Use kubeflow to quickly create distributed training environment on kubernetes cluster
1.install docker set nvidia container runtime
2.install and set kubeadm
3.create k8s cluster(kubeadm init)
4.install kubeflow and kubeflow python SDK
5.create mlflow server on k8s cluster
6.execute
for pkg in docker.io docker-doc docker-compose docker-compose-v2 podman-docker containerd runc; do sudo apt-get remove $pkg; done
sudo apt-get update
sudo apt-get install ca-certificates curl gnupg
sudo install -m 0755 -d /etc/apt/keyrings
curl -fsSL https://download.docker.com/linux/ubuntu/gpg | sudo gpg --dearmor -o /etc/apt/keyrings/docker.gpg
sudo chmod a+r /etc/apt/keyrings/docker.gpg
echo \
"deb [arch="$(dpkg --print-architecture)" signed-by=/etc/apt/keyrings/docker.gpg] https://download.docker.com/linux/ubuntu \
"$(. /etc/os-release && echo "$VERSION_CODENAME")" stable" | \
sudo tee /etc/apt/sources.list.d/docker.list > /dev/null
sudo apt-get update
sudo apt-get install docker-ce docker-ce-cli containerd.io docker-buildx-plugin docker-compose-plugin
#add user to group
sudo groupadd docker
sudo usermod -aG docker $USER
newgrp docker
curl https://get.docker.com | sh \
&& sudo systemctl --now enable docker
distribution=$(. /etc/os-release;echo $ID$VERSION_ID) \
&& curl -s -L https://nvidia.github.io/nvidia-docker/gpgkey | sudo apt-key add - \
&& curl -s -L https://nvidia.github.io/nvidia-docker/$distribution/nvidia-docker.list | sudo tee /etc/apt/sources.list.d/nvidia-docker.list
sudo apt-get update
sudo apt-get install -y nvidia-docker2
sudo systemctl restart docker
#IPv4 Internet config:
cat <<EOF | sudo tee /etc/modules-load.d/k8s.conf
overlay
br_netfilter
EOF
sudo modprobe overlay
sudo modprobe br_netfilter
cat <<EOF | sudo tee /etc/sysctl.d/k8s.conf
net.bridge.bridge-nf-call-iptables = 1
net.bridge.bridge-nf-call-ip6tables = 1
net.ipv4.ip_forward = 1
EOF
sudo sysctl --system
sudo swapoff –a
sudo sed -i '/ swap / s/^\(.*\)$/#\1/g' /etc/fstab
#kubeadm 1.23
sudo apt-get update
sudo apt-get install -y apt-transport-https ca-certificates curl
sudo curl -fsSLo /etc/apt/keyrings/kubernetes-archive-keyring.gpg https://dl.k8s.io/apt/doc/apt-key.gpg
echo "deb [signed-by=/etc/apt/keyrings/kubernetes-archive-keyring.gpg] https://apt.kubernetes.io/ kubernetes-xenial main" | sudo tee /etc/apt/sources.list.d/kubernetes.list
sudo apt-get update
export VERSION =1.23.0-00
sudo apt-get install -y kubelet=$VERSION kubeadm=$VERSION kubectl=$VERSION
sudo apt-mark hold kubelet kubeadm kubectl
#in this example we use flannel network architecture
sudo kubeadm init --pod-network-cidr=10.244.0.0/16 --cri-socket="unix:///var/run/cri-dockerd.sock"

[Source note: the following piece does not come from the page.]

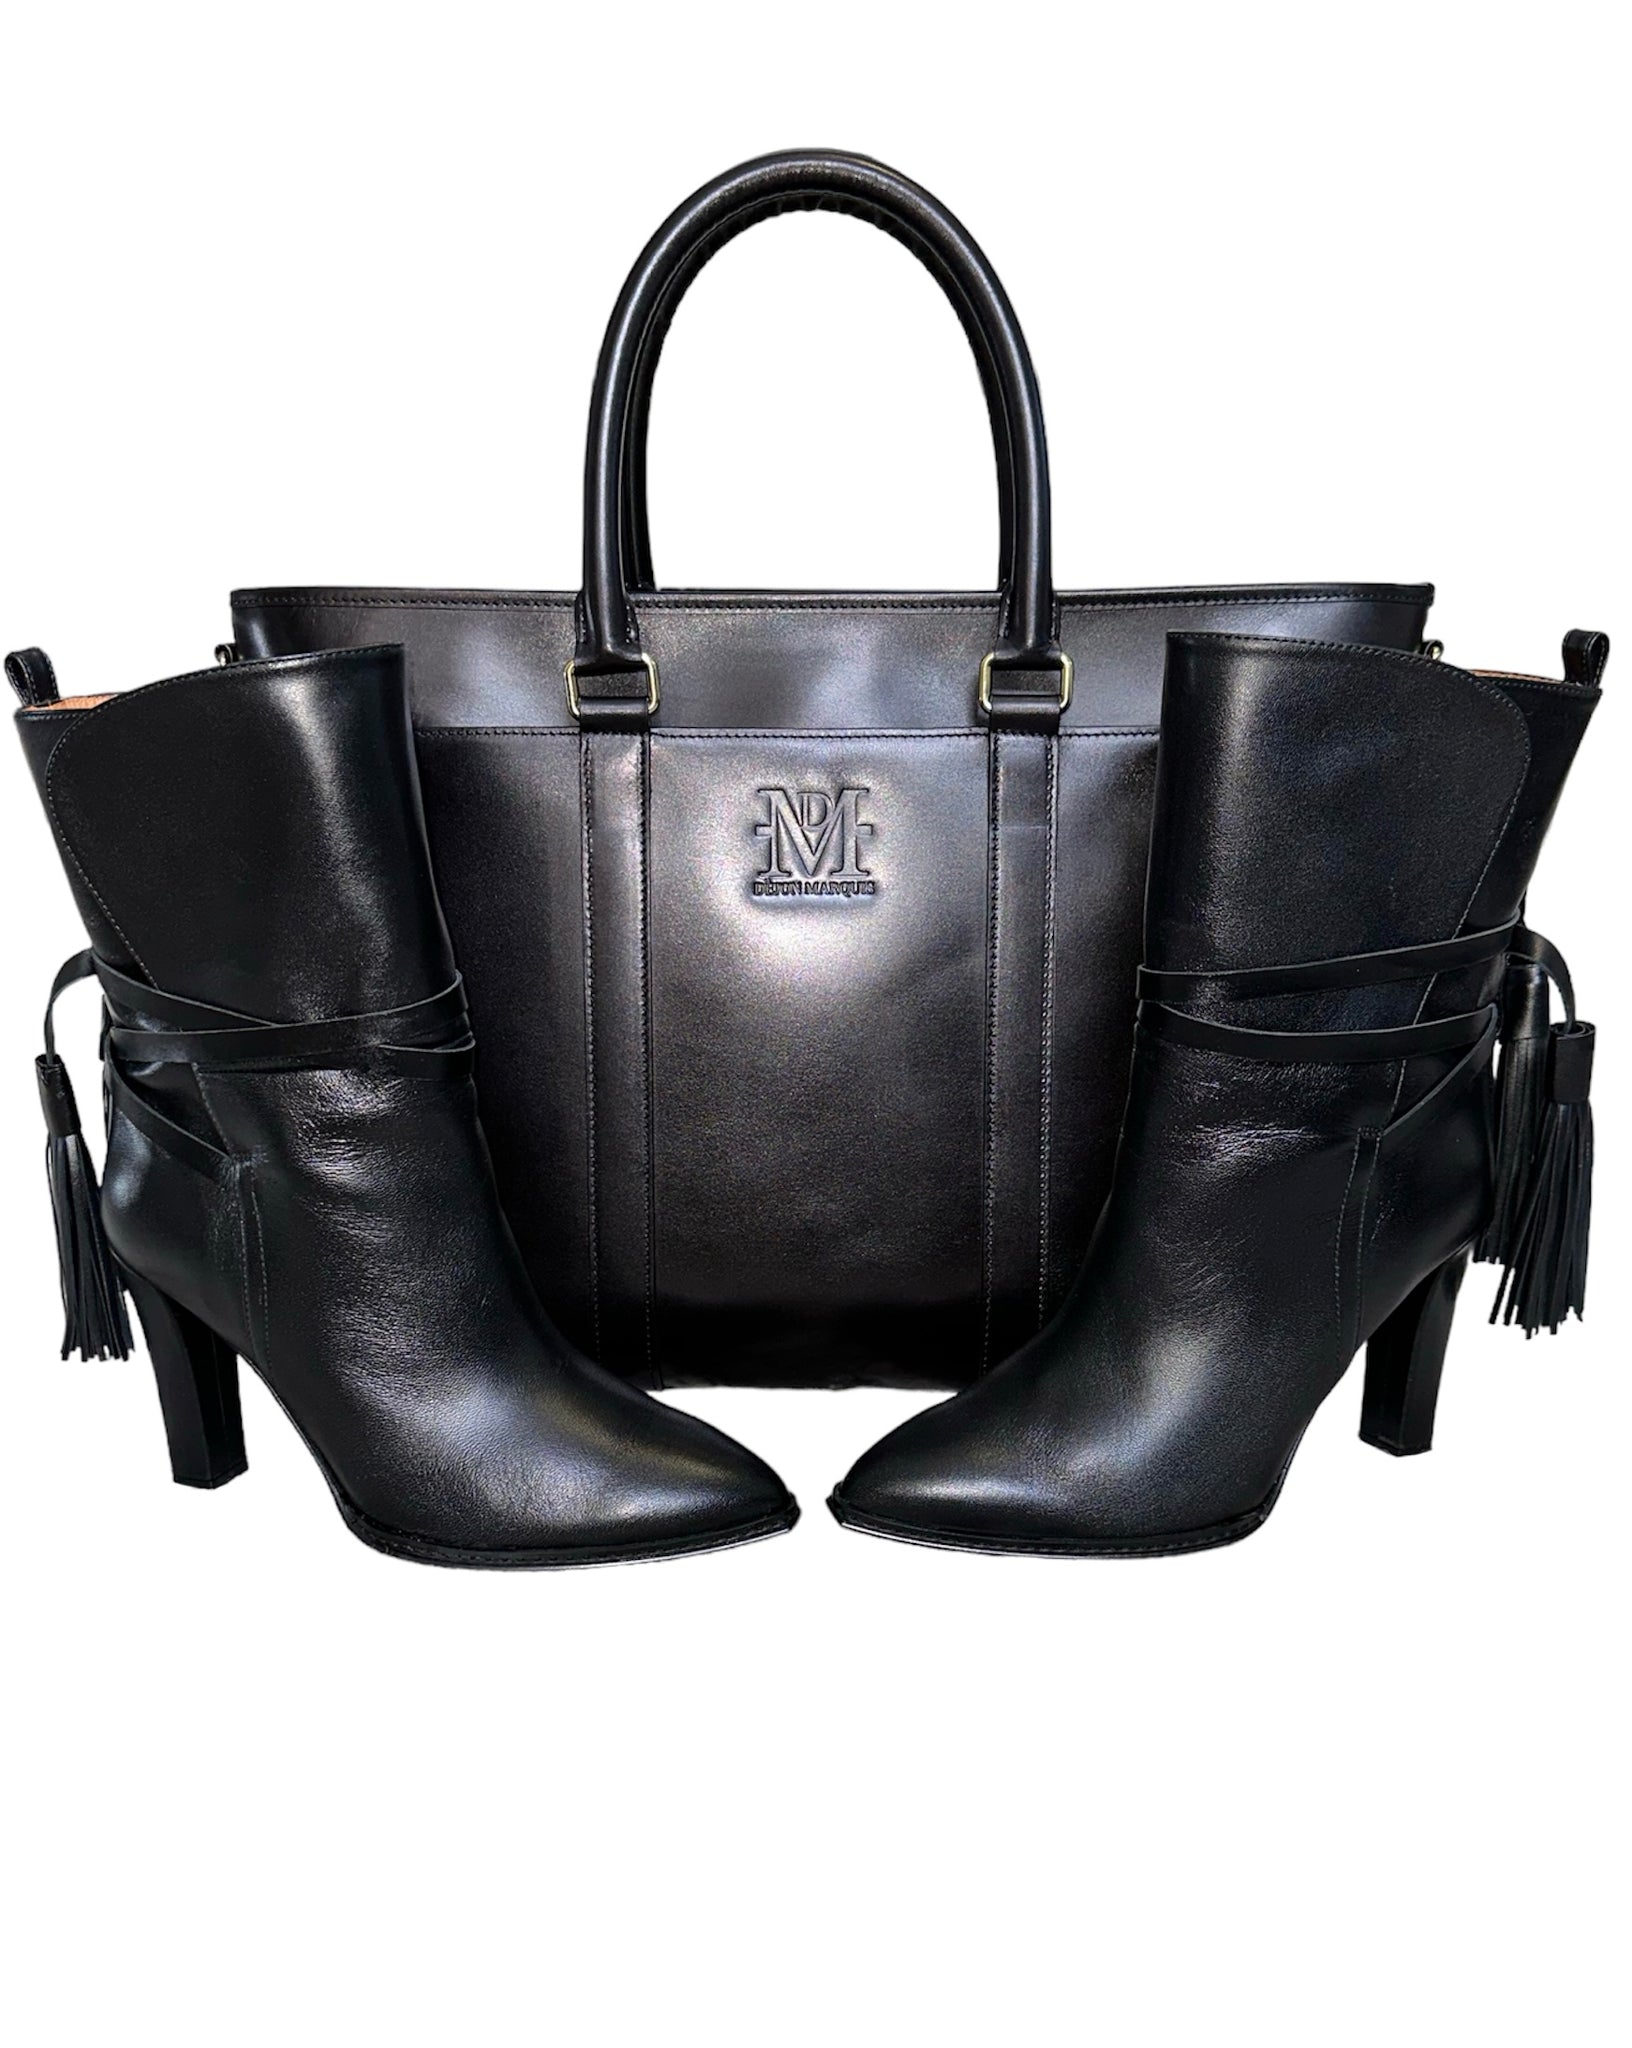 Dejon Marquis DM Leather Tote Bag

mkdir -p $HOME/.kube/config/
sudo cp /etc/kubernetes/admin.conf $HOME/.kube/config/
sudo chown $(id -u):$(id -g) $HOME/.kube/config/admin.conf
kubectl apply -f https://raw.githubusercontent.com/flannel-io/flannel/v0.20.2/Documentation/kube-flannel.yml
#create NVIDIA device plugin for Kubernetes
kubectl create -f https://raw.githubusercontent.com/NVIDIA/k8s-device-plugin/v0.14.1/nvidia-device-plugin.yml
kubectl apply -k "github.com/kubeflow/training-operator/manifests/overlays/standalone?ref=v1.5.0"
pip install -r requirements.txt
#create pv for mlflow server
#In this example, the mounting path used is /tmp/data; you can change it to the desired path.
kubectl create -f mlflow_pv.yaml
#create pvc for mlflow server
kubectl create -f mlflow_pvc.yaml
#create mlflow server
kubectl create -f mlflow.yaml
python main.py